**Activity:** Copy each line, word for word, from the one with "Marrow-Gnawer Playmat - Playmat" through the final line of the listing, but skip the pictures.

**Recorded information:**
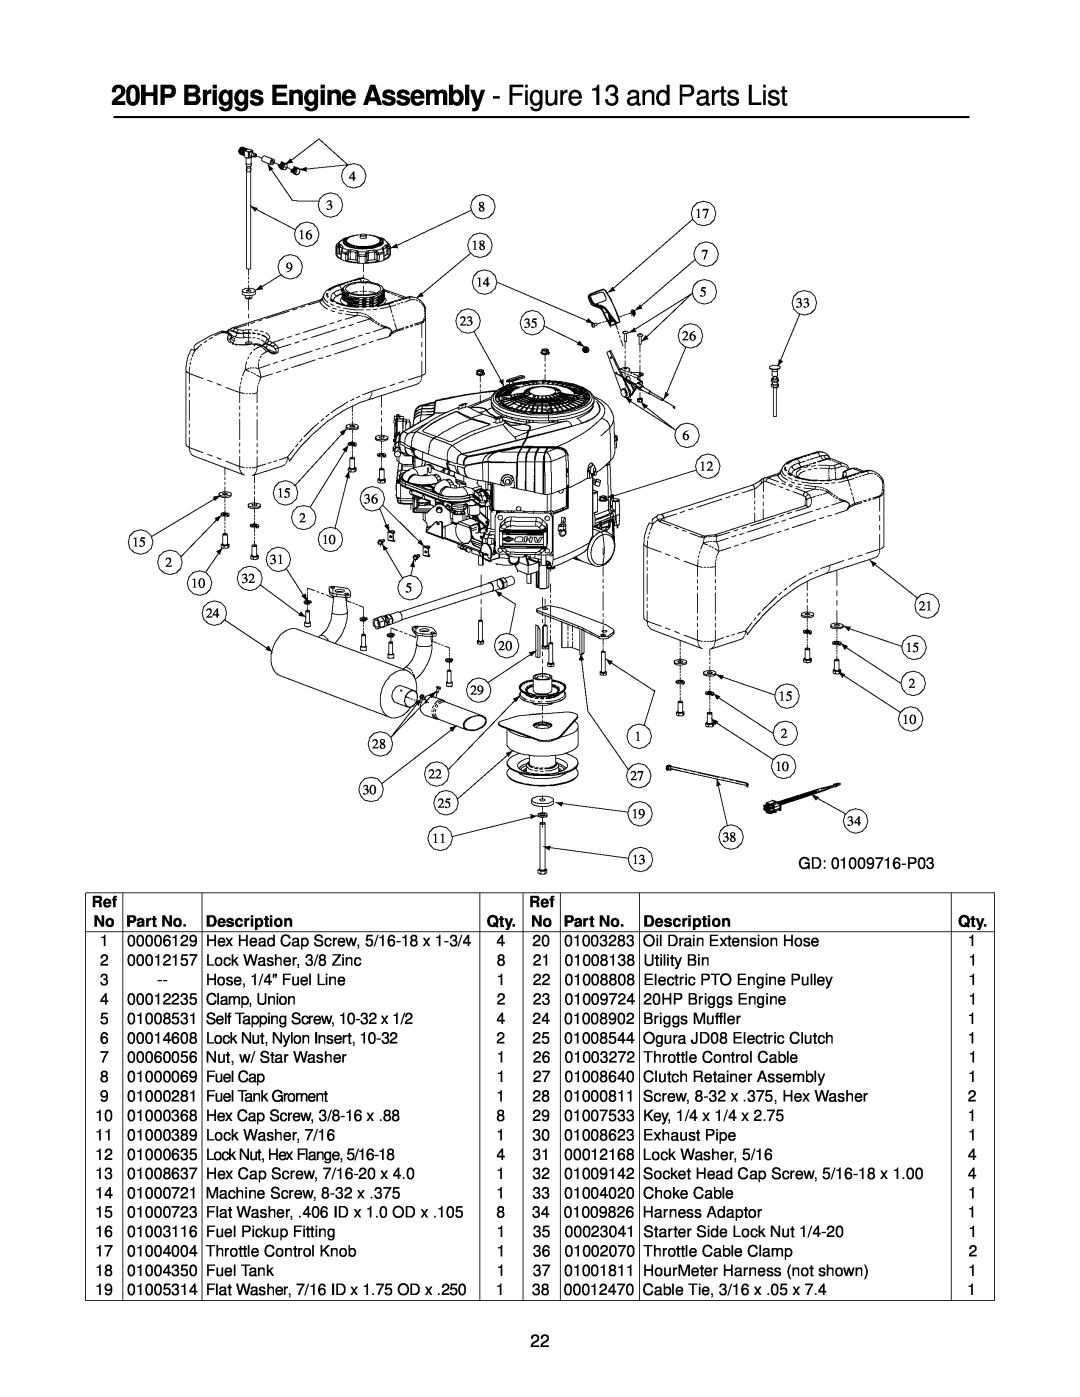 Cub Cadet 20HP Z-Force 44 manual 20HP Briggs Engine Assembly - and Parts List, Description 
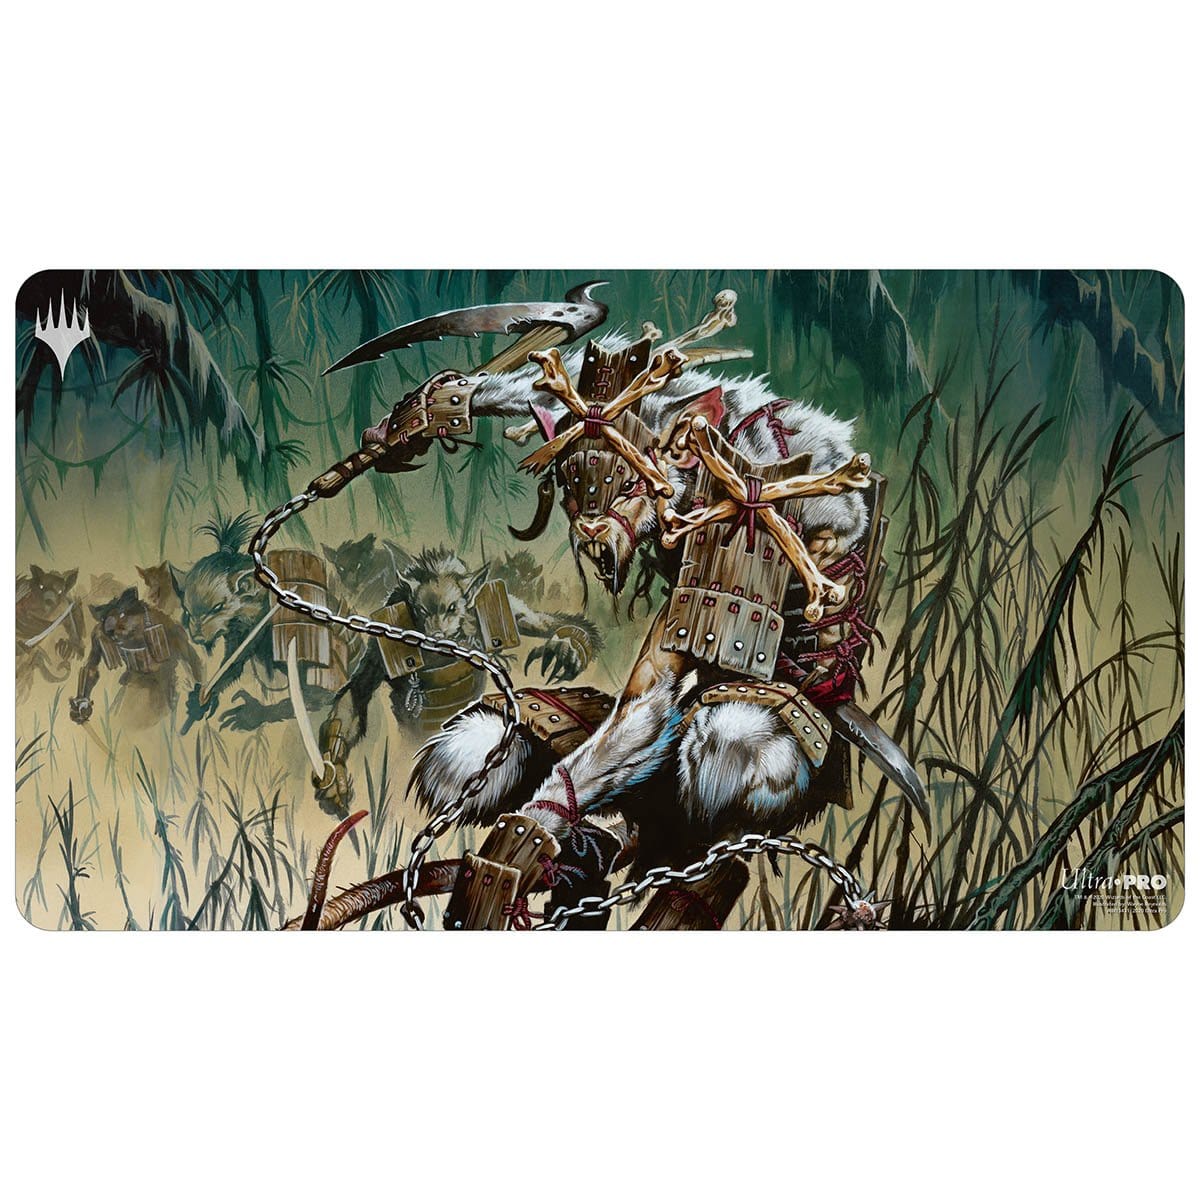 Marrow-Gnawer Playmat - Playmat - Original Magic Art - Accessories for Magic the Gathering and other card games
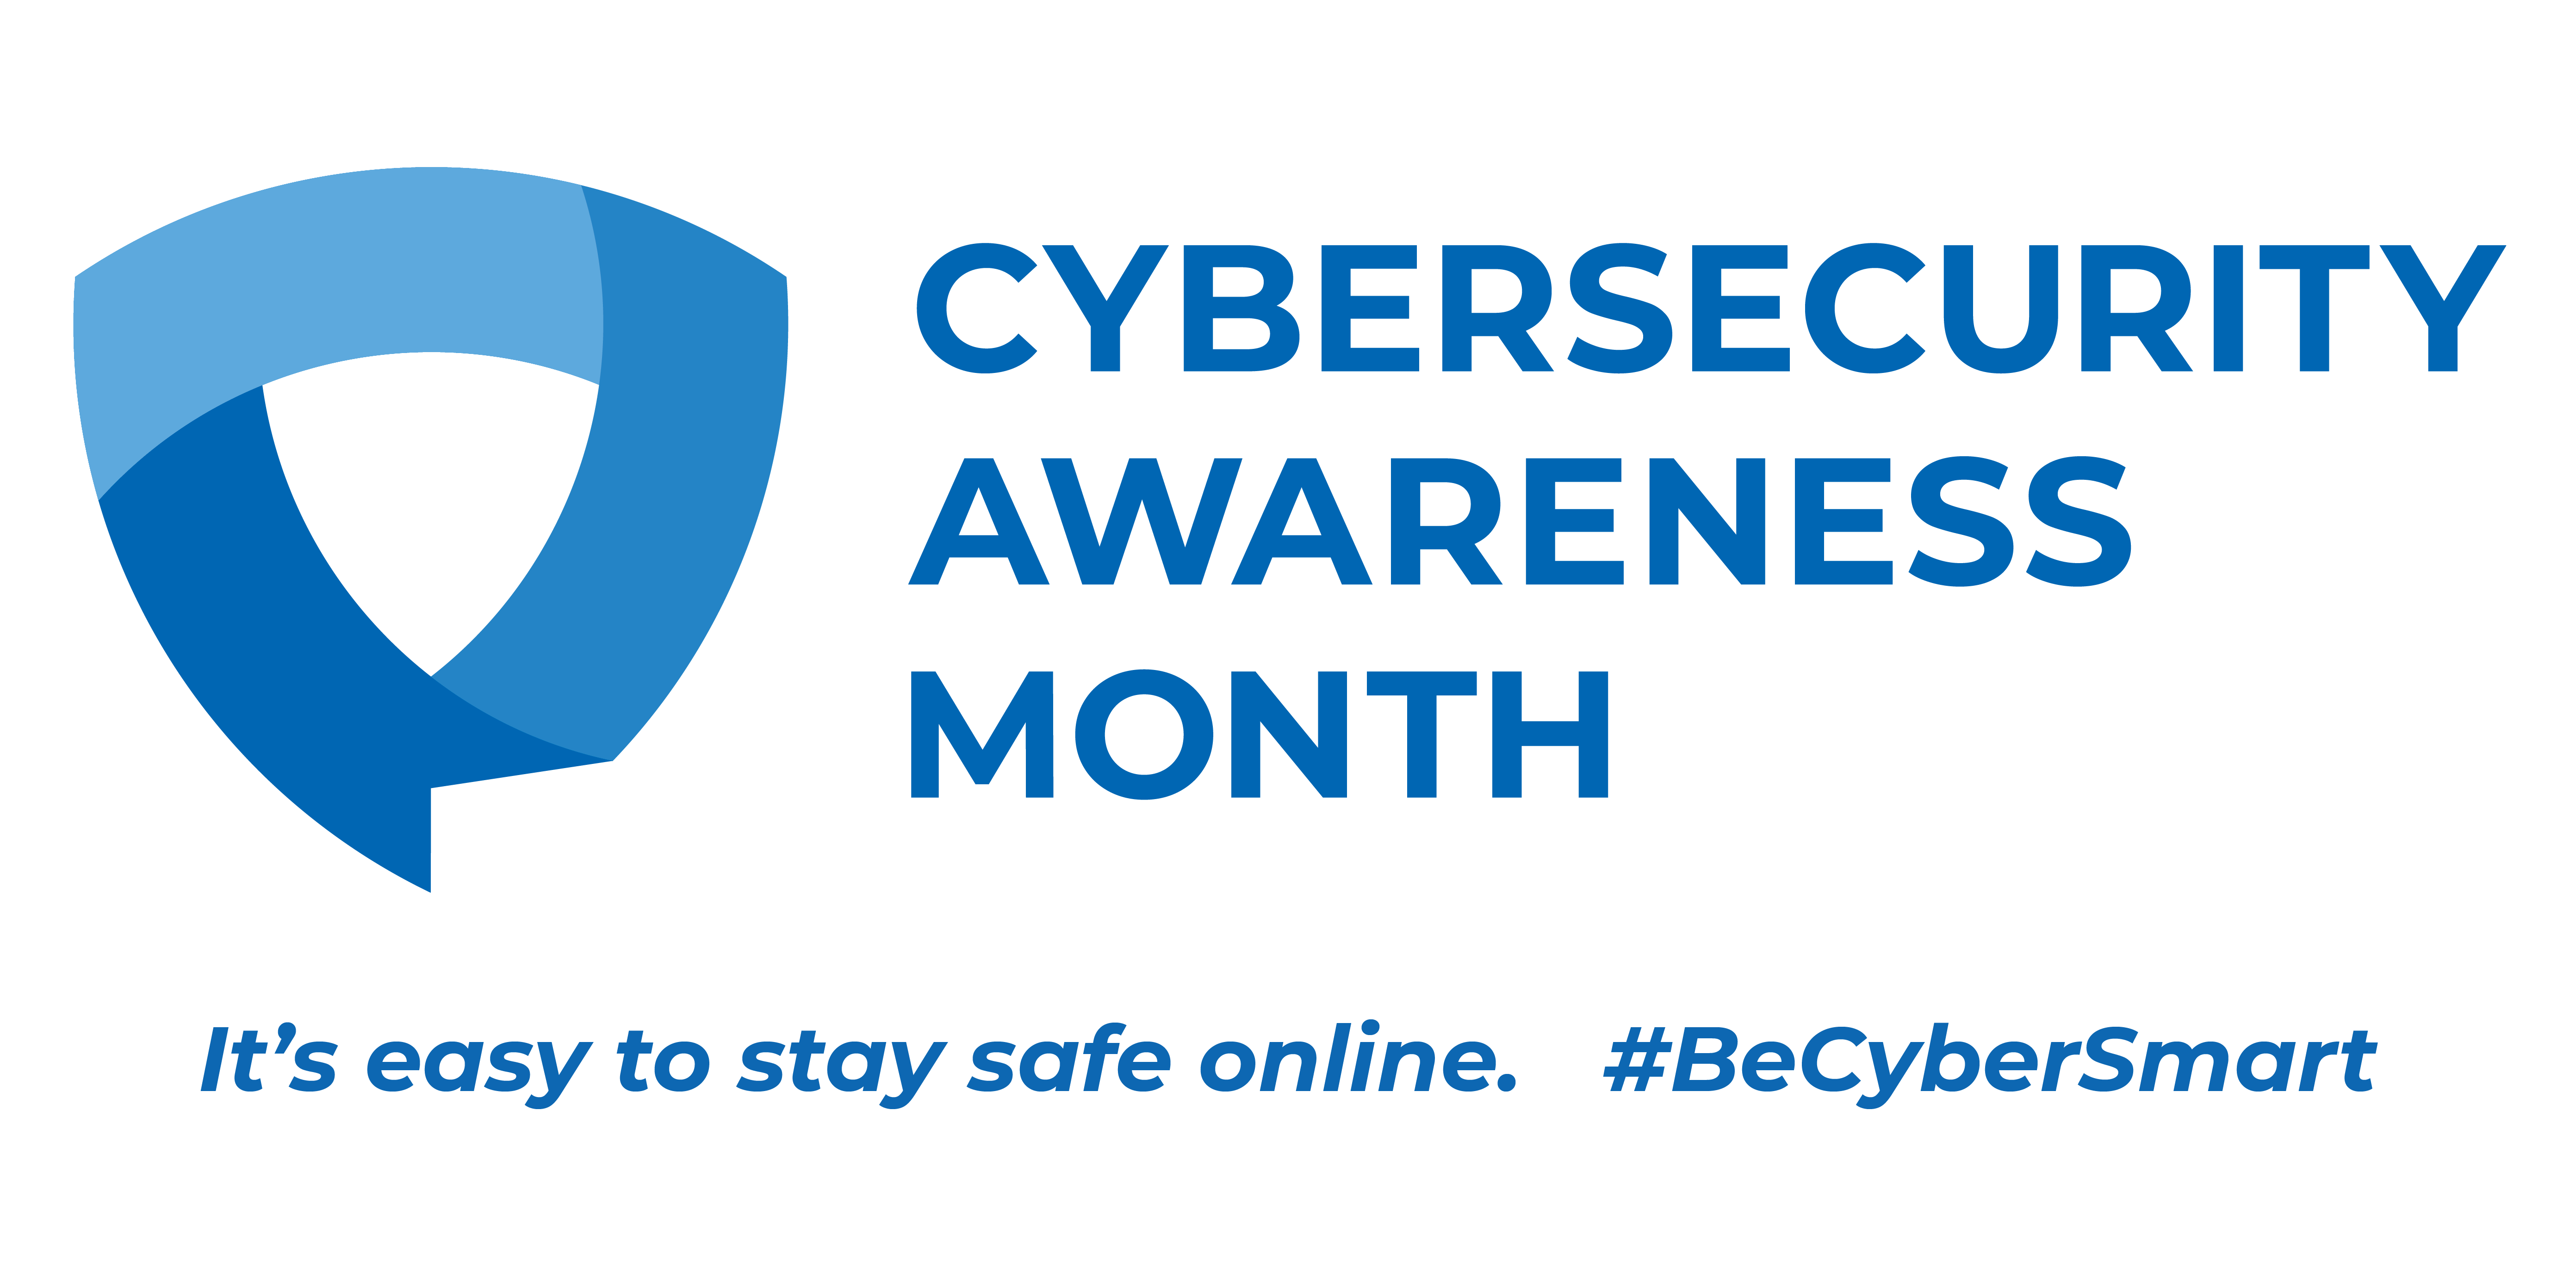 Cybersecurity Awareness Month - National Cybersecurity Alliance

**Solution to this exercise:**
 Marrow-Gnawer Playmat - Playmat - Original Magic Art - Accessories for Magic the Gathering and other card games
 Cybersecurity Awareness Month - National Cybersecurity Alliance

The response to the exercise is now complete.